### Directions for this task:
What's needed is a word-for-word retyping of the entries below, pictures omitted.

Top of Task material

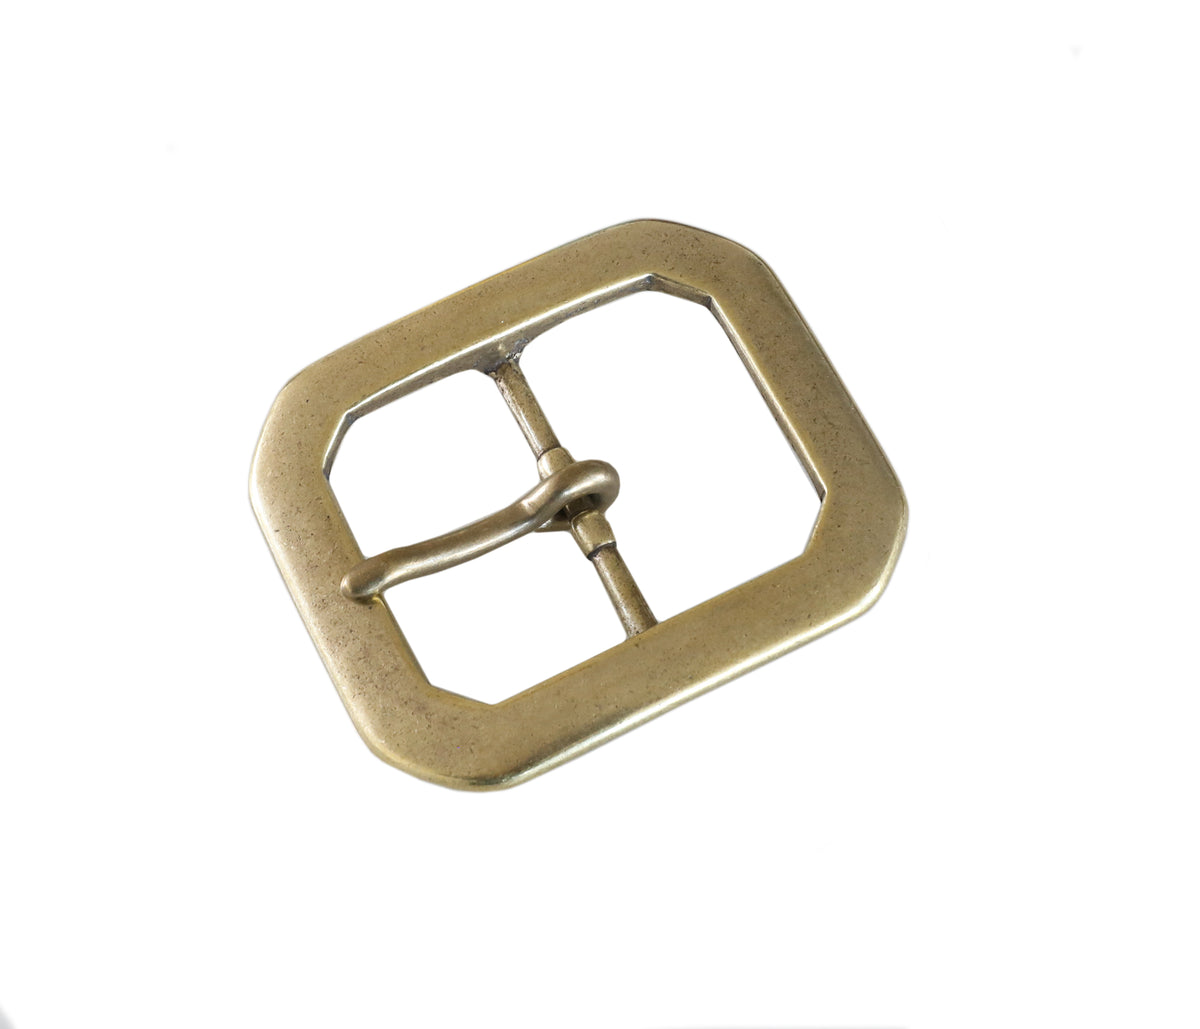 Japan Brass Co 🇯🇵 - "Octagonal" Belt Buckle (Solid Brass)
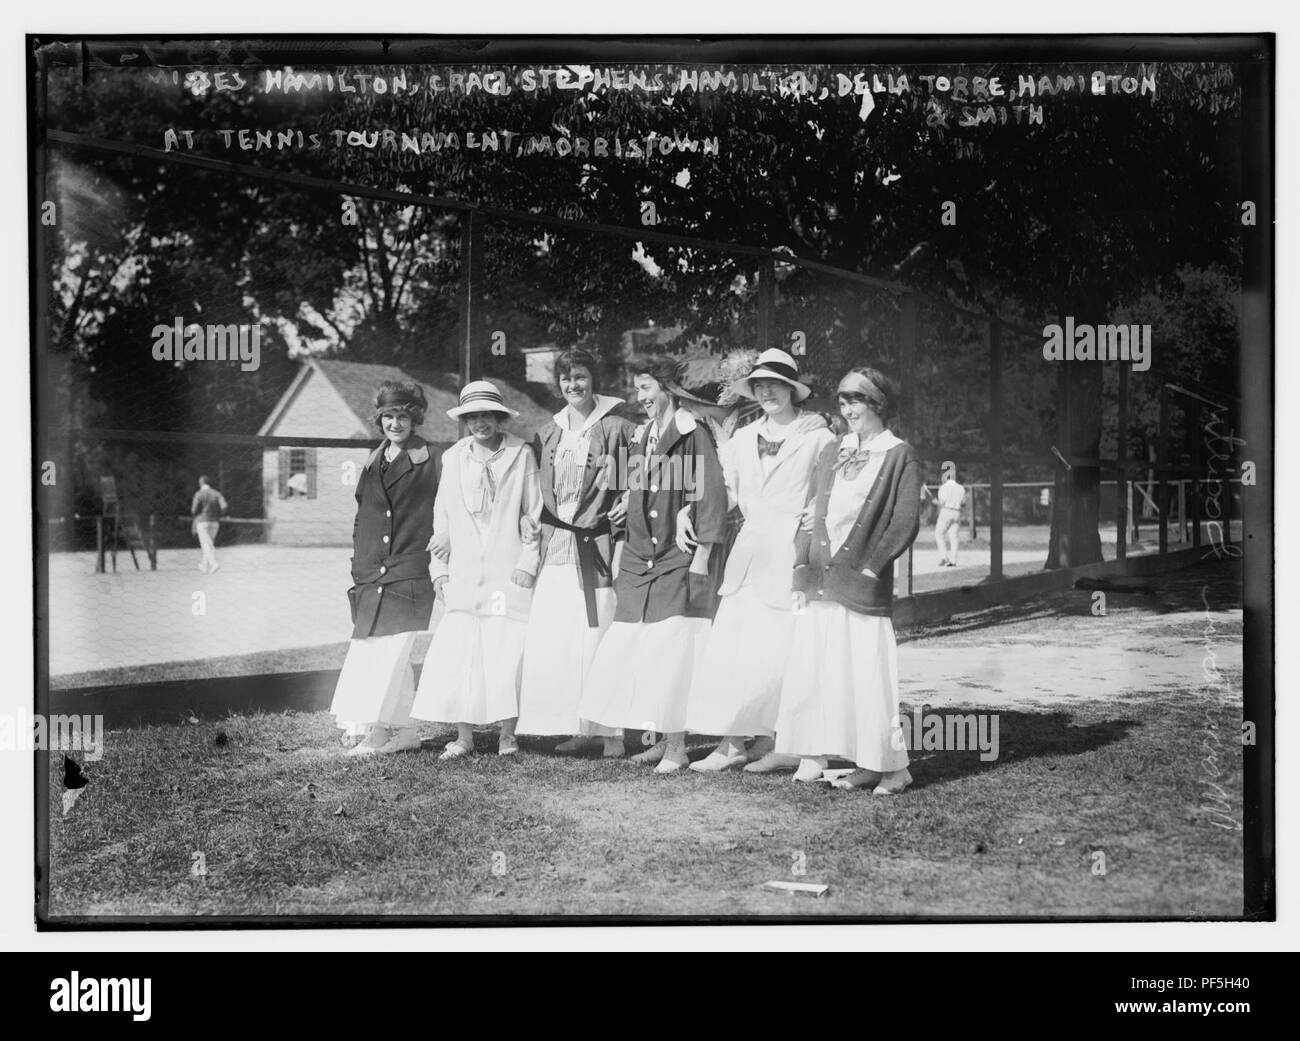 At tennis tournament, Morristown - Misses Hamilton, Crag, Stephens, Hamilton, (Gertrude) Della Torre, Hamilton and Smith Stock Photo
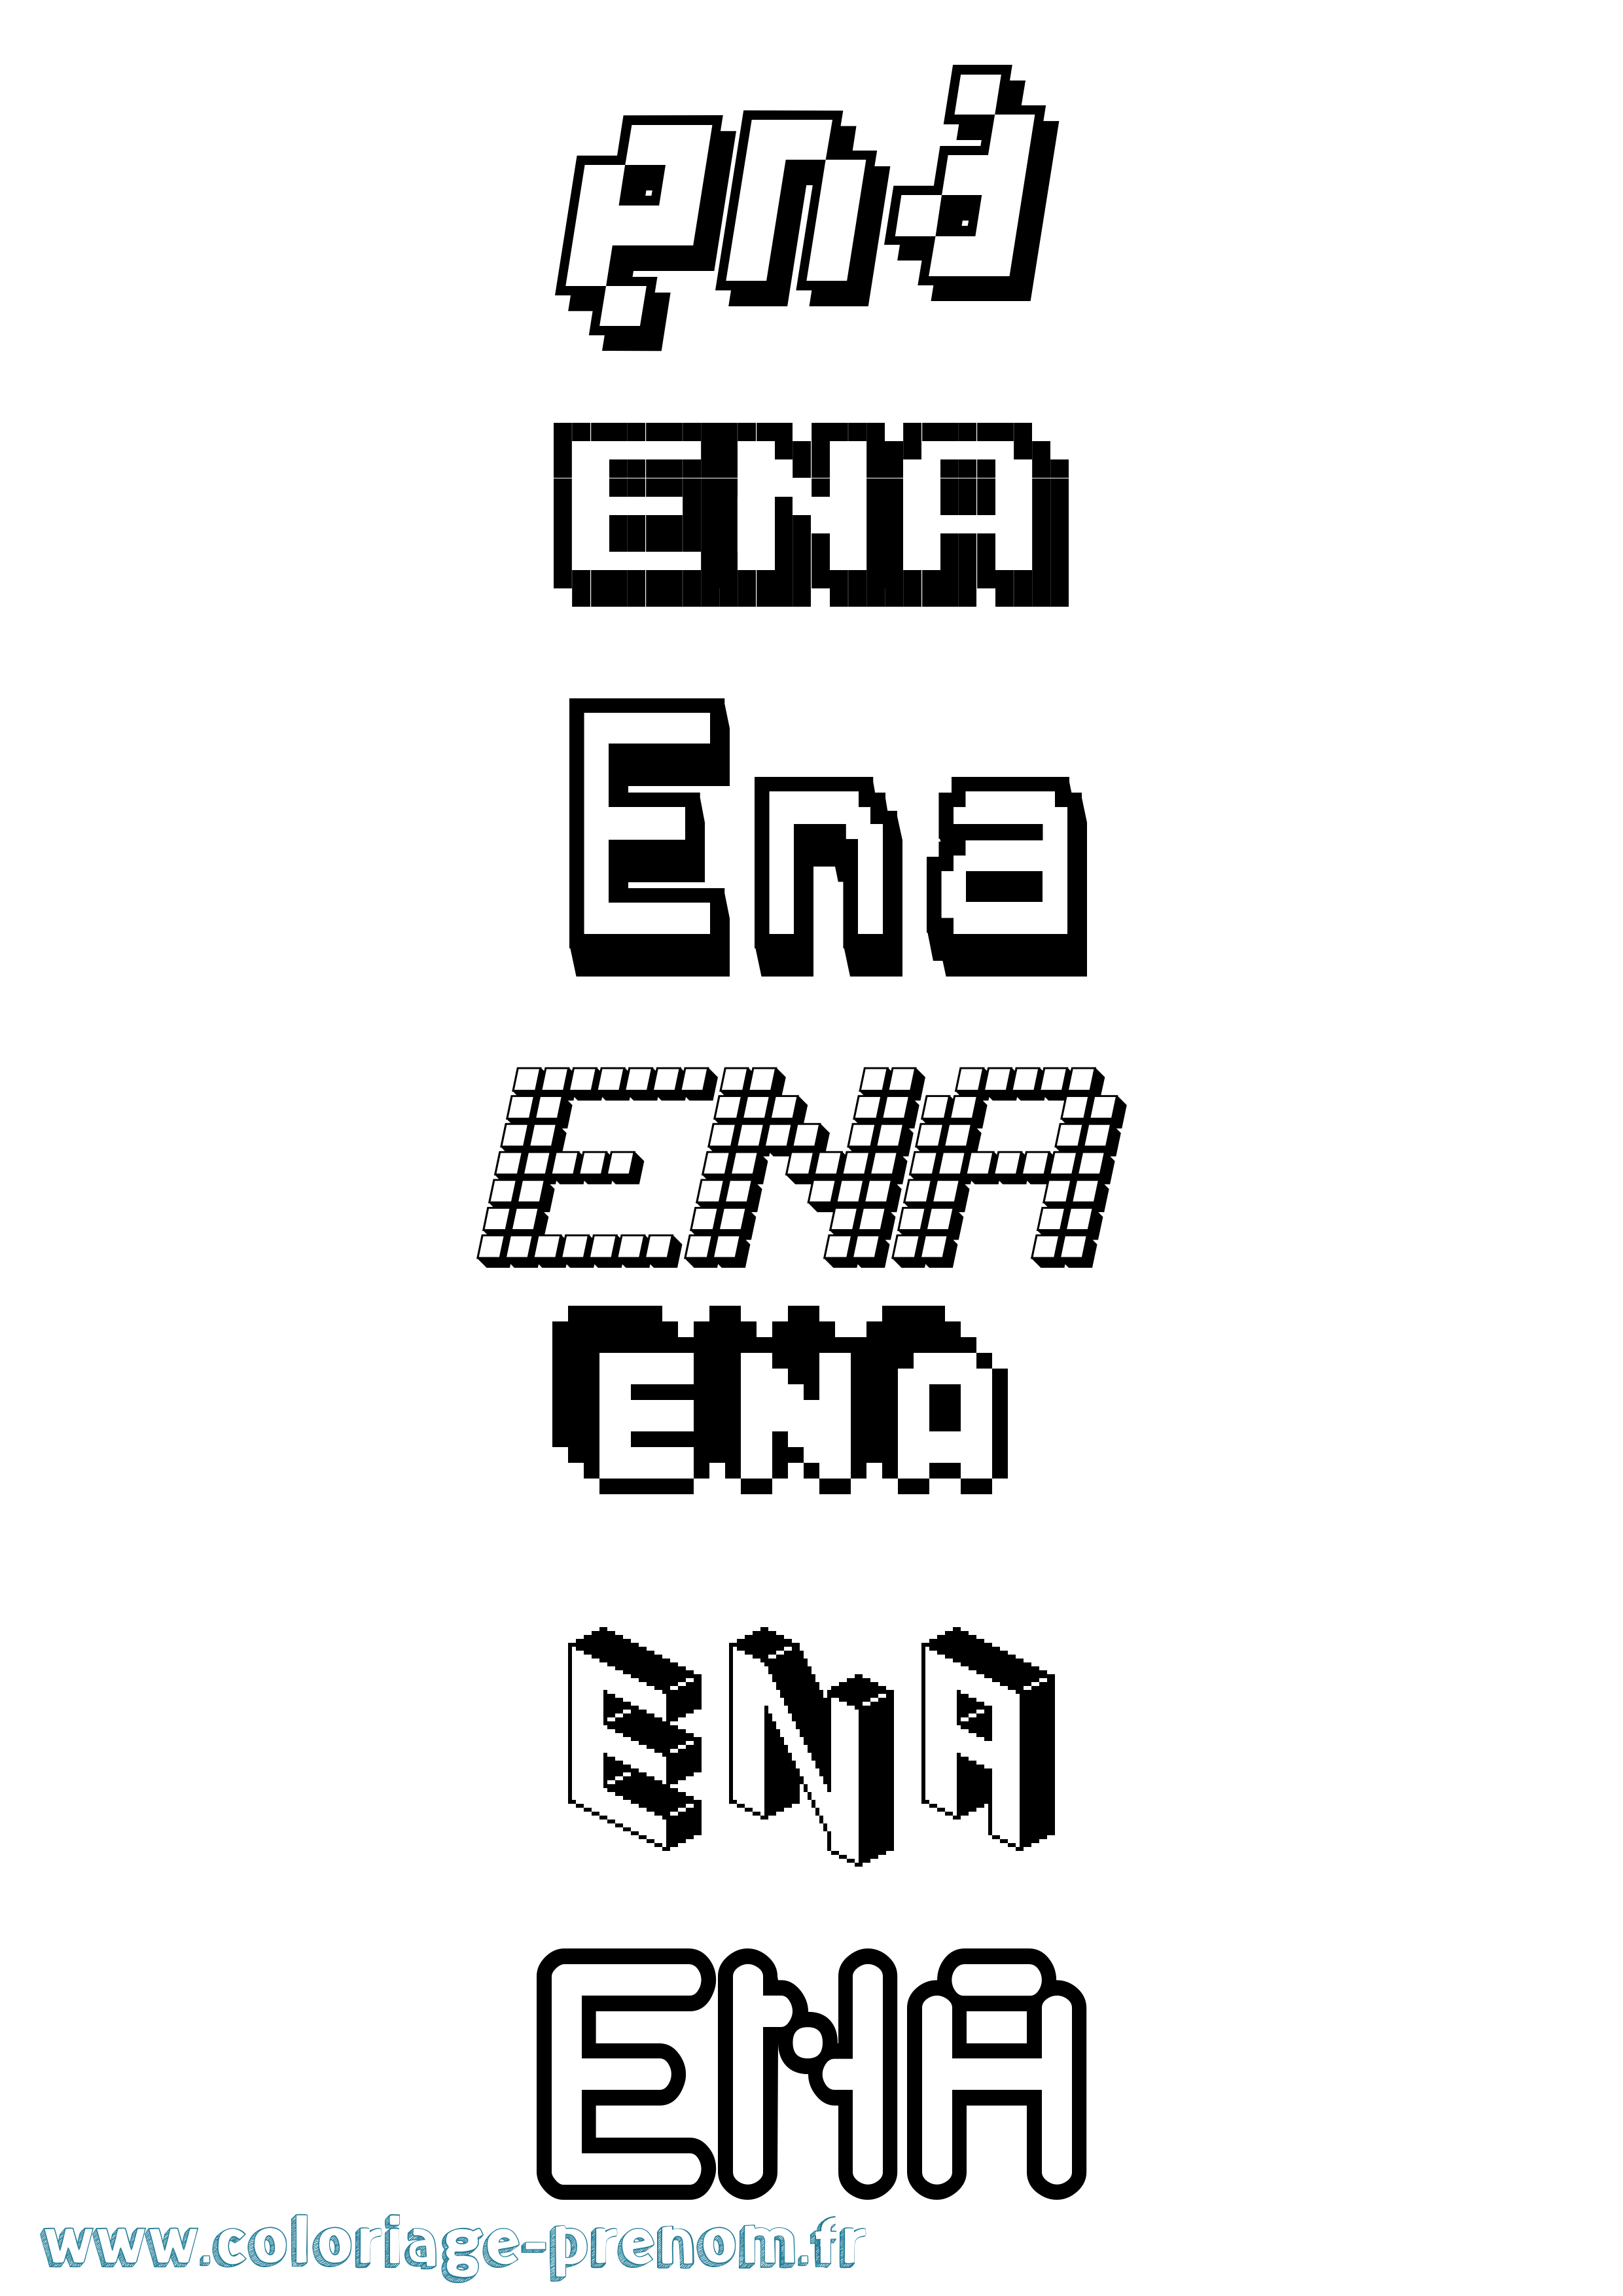 Coloriage prénom Ena Pixel
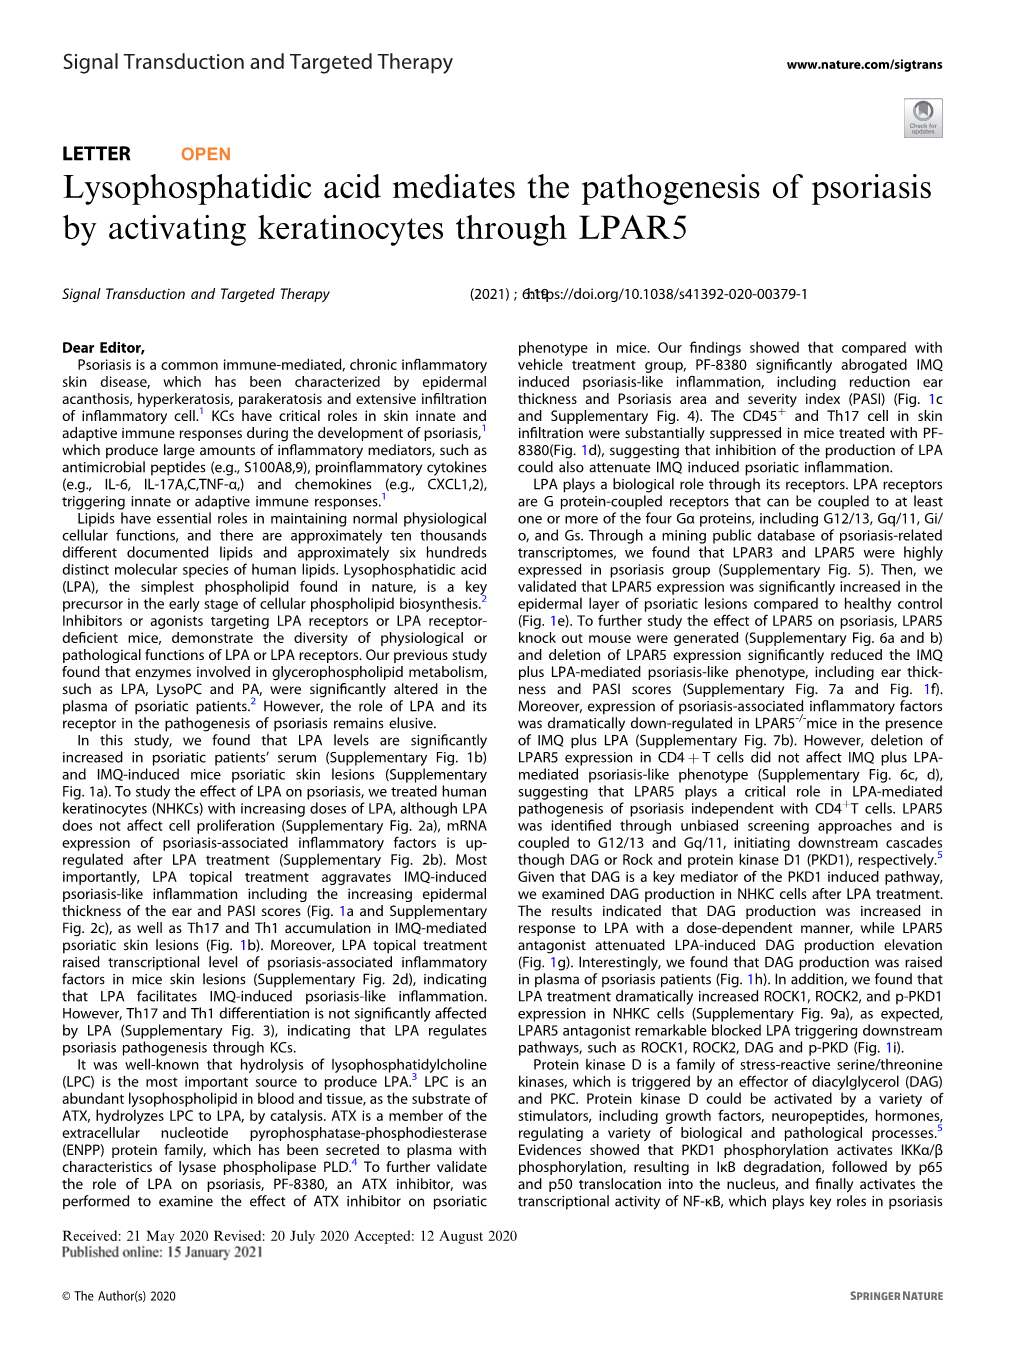 Lysophosphatidic Acid Mediates the Pathogenesis of Psoriasis by Activating Keratinocytes Through LPAR5
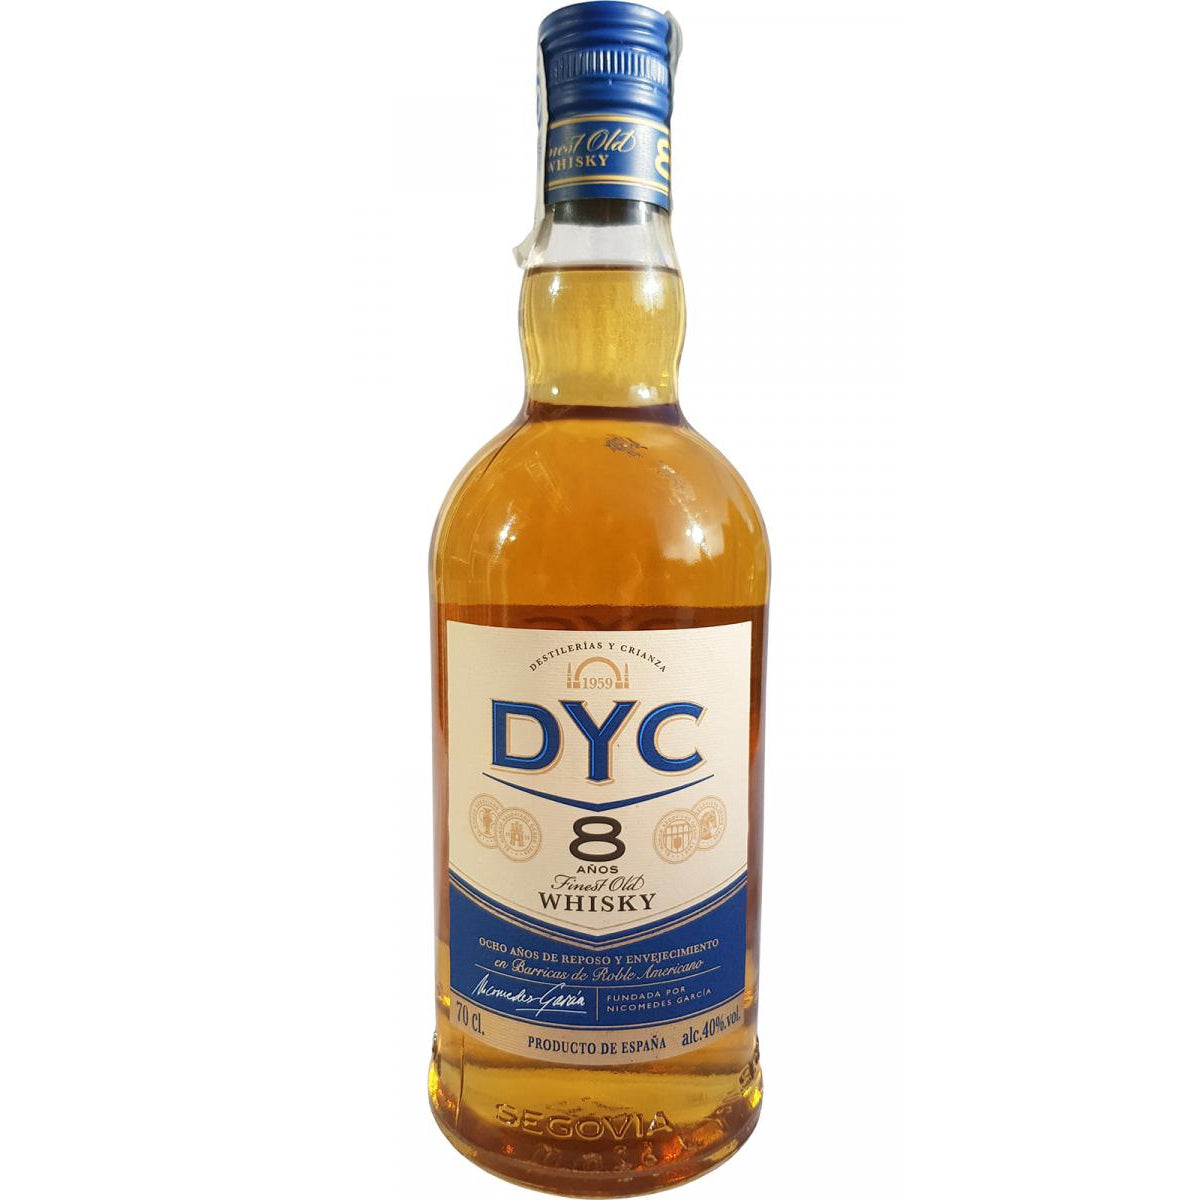 DYC Destilerias y Crianza 8 Years Old Whisky 40% Vol. 0,7l

Bottom of Task material

### Response:
 Japan Brass Co 🇯🇵 - "Octagonal" Belt Buckle (Solid Brass)
 At tennis tournament, Morristown - Misses Hamilton, Crag, Stephens, Hamilton, (Gertrude) Della Torre, Hamilton and Smith Stock Photo
 Coloriage prénom Ena Pixel
 Lysophosphatidic Acid Mediates the Pathogenesis of Psoriasis by Activating Keratinocytes Through LPAR5
 DYC Destilerias y Crianza 8 Years Old Whisky 40% Vol. 0,7l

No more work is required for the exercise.